2. Compensation for Promotion
Before Assembly Bill 2462 was passed, school districts were not allowed to charge employees for the administrative costs and other expenses associated with processing 403(b) plans.18 In recognition of sharply increasing administrative burdens on school districts that offer 403(b) plans (including those arising from pending new federal regulations19), Assembly Bill 2462 gave school districts the authority to recover the costs associated with 403(b) transactions.20
The second question for us is whether a school district may receive compensation, distinct from administrative costs, specifically for promoting or selling 403(b) plans to school employees. The answer, generally speaking, is No. Education Code section
First, we think there is a clear distinction between a school employee's regular salary or wages on the one hand and, on the other, any fees or commissions that are based on promoting or selling particular 403(b) products. Whenever a school district maintains any responsibility for administering 403(b) plans, it will have some employees whose day-to-day duties include, and whose compensation therefore depends to some extent on, tasks such as facilitating 403(b) transactions or recouping costs associated with 403(b) administration.
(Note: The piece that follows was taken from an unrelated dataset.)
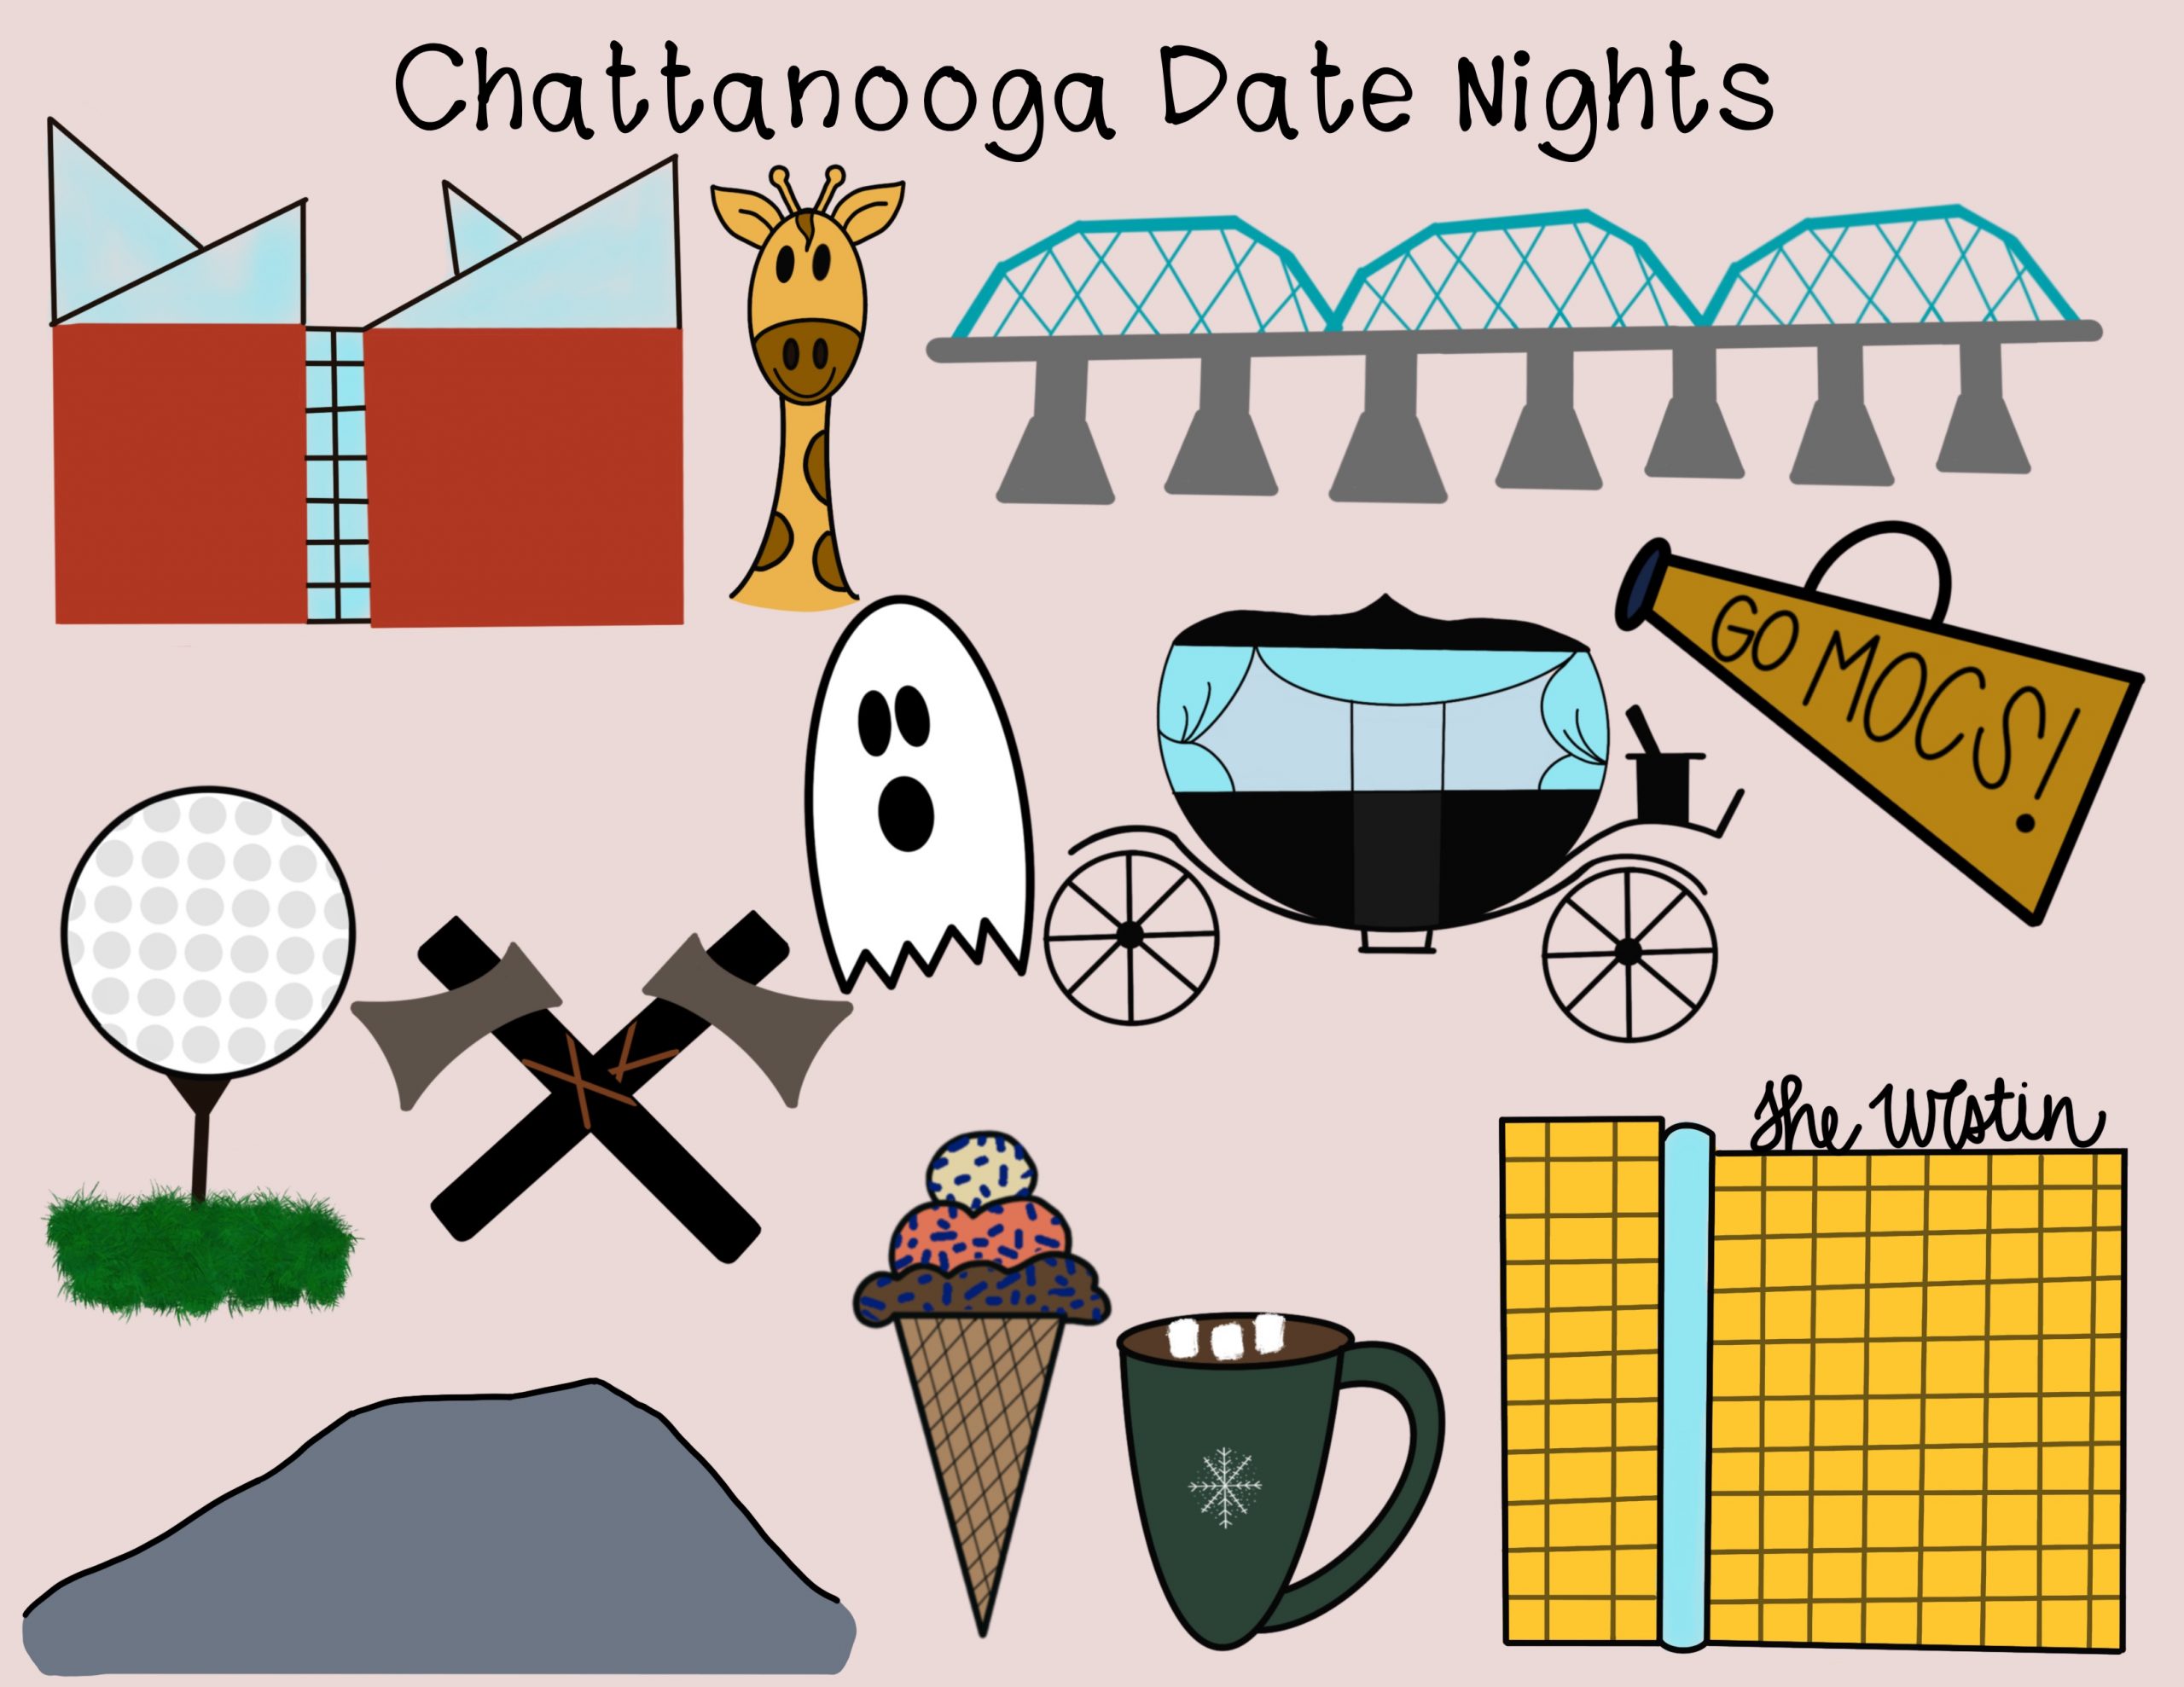 Chattanooga Date Nights
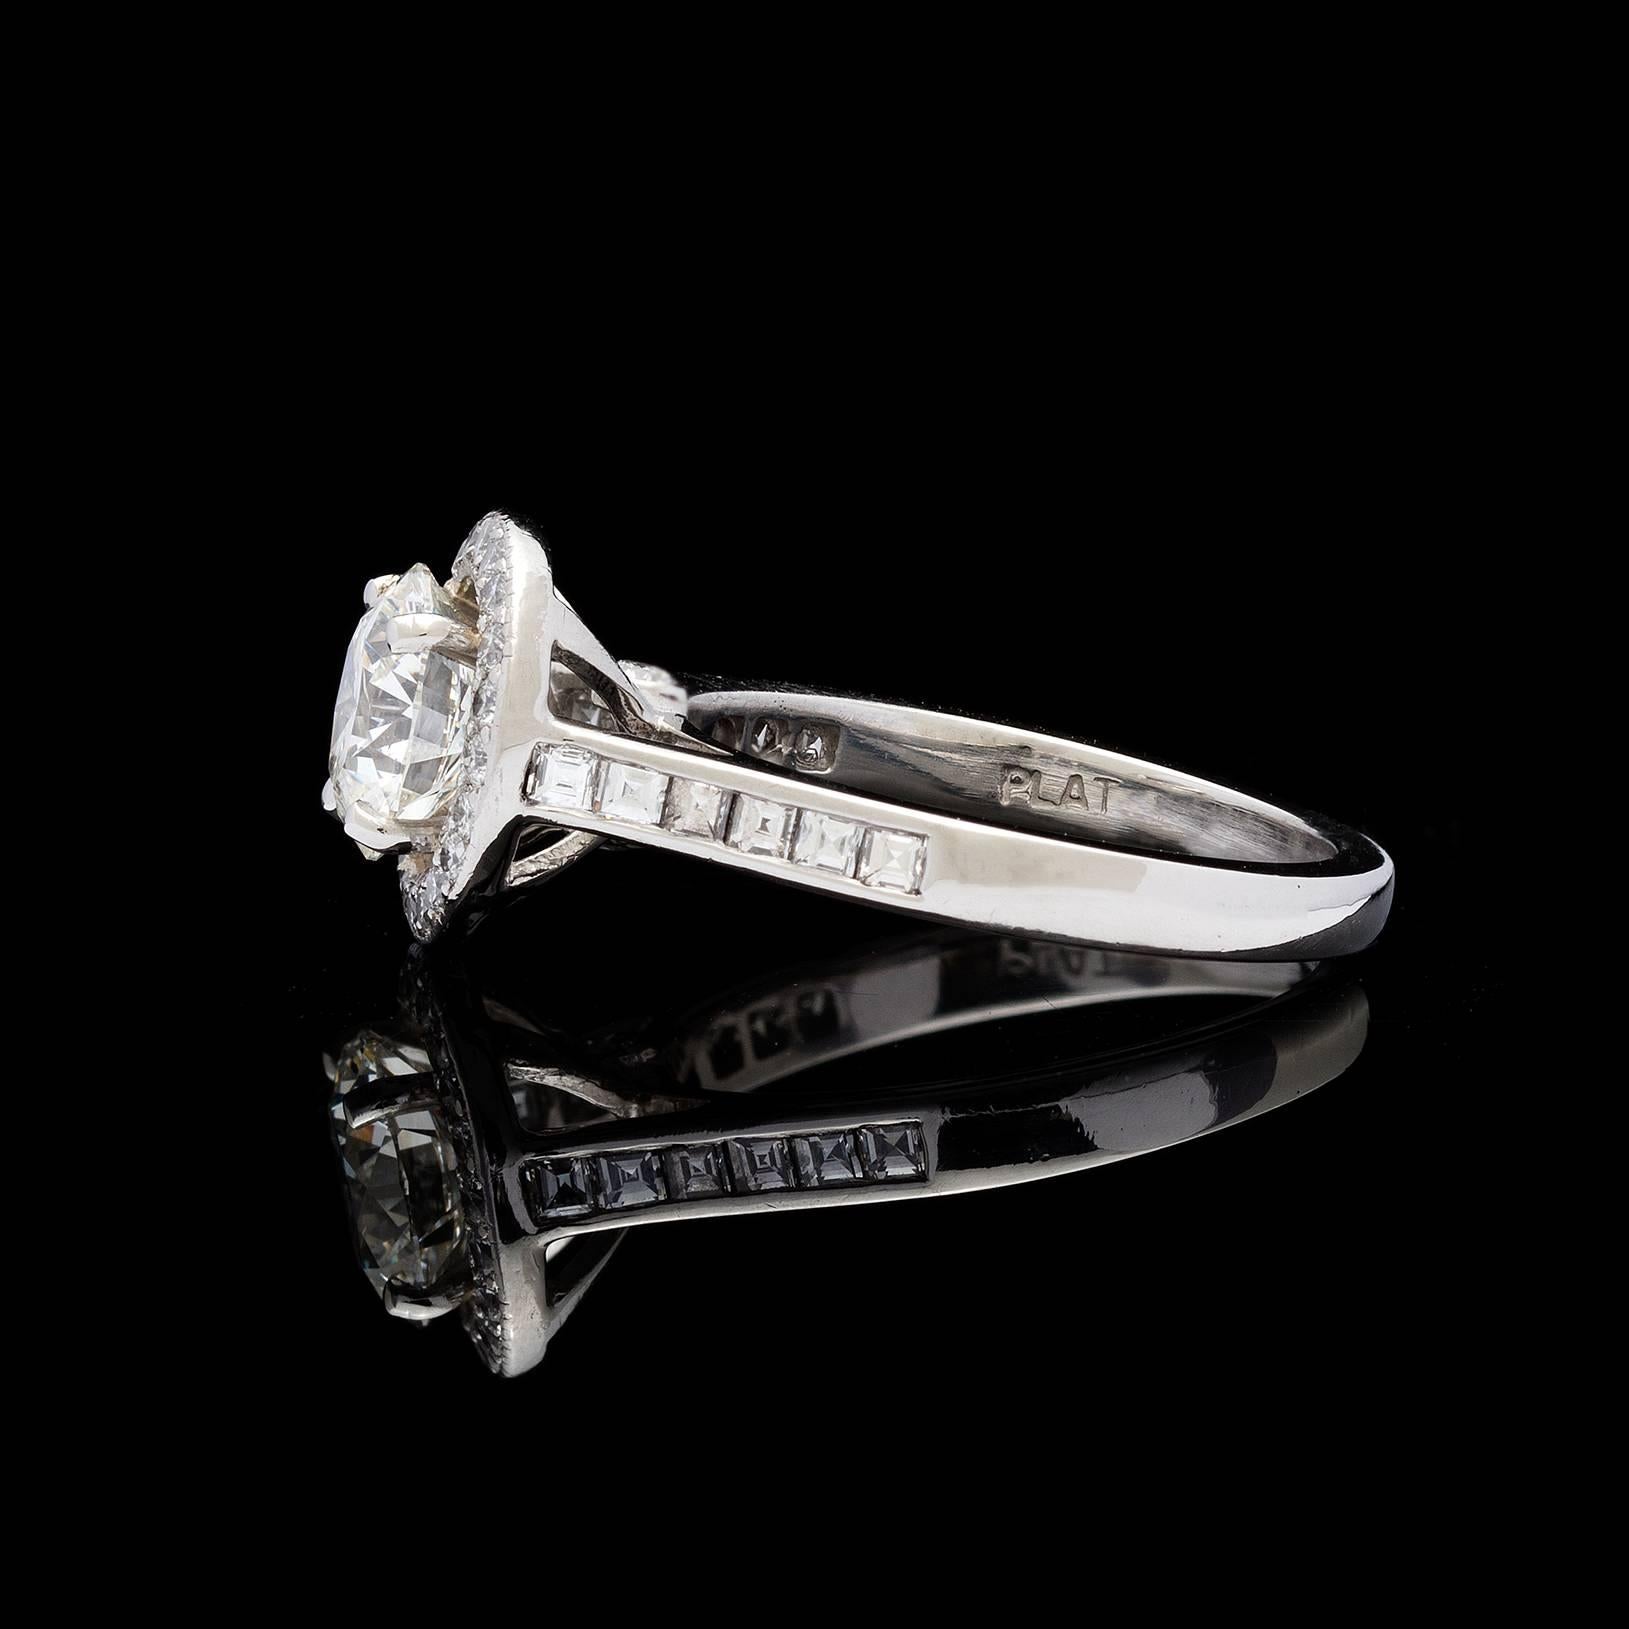 1.57 carat diamond ring

Nothing in the statute prohibits school employees from being paid by the district to work on 403(b) administration. The telling distinction within the statute is whether a school employee takes compensationfrom a vendor for promoting or selling the vendor's 403(b) products. The statute prohibits school employees from acting as sales agents for 403(b) vendors in return for commissions.
Different considerations arise when a TPA acts on behalf of a school district to administer 403(b) plans. The 2006 legislation specifically contemplates that the TPA itself may be a vendor or provider, or affiliated with a vendor or provider of 403(b) products.22 Certainly where a provider itself is the TPA, the legislation does not preclude it from receiving its usual fees and commissions in connection with the sales of investment products to participating employees. Instead, the new legislation requires TPAs to disclose any commissions or promotional arrangements that the TPA receives from a plan provider, and to disclose any relationships it has with providers.23 *Page 8
We therefore conclude that a school district and its employees may not receive compensation for the promotion or sale of a particular 403(b) plan to public school employees. However, a third-party administrator that is under contract to perform 403(b) plan administrative services for a school district and its employees may receive such compensation, so long as the third-party administrator's relationship with a plan vendor or provider, and the nature of the compensation received, are fully disclosed to the school district and to the employees participating in the 403(b) plan.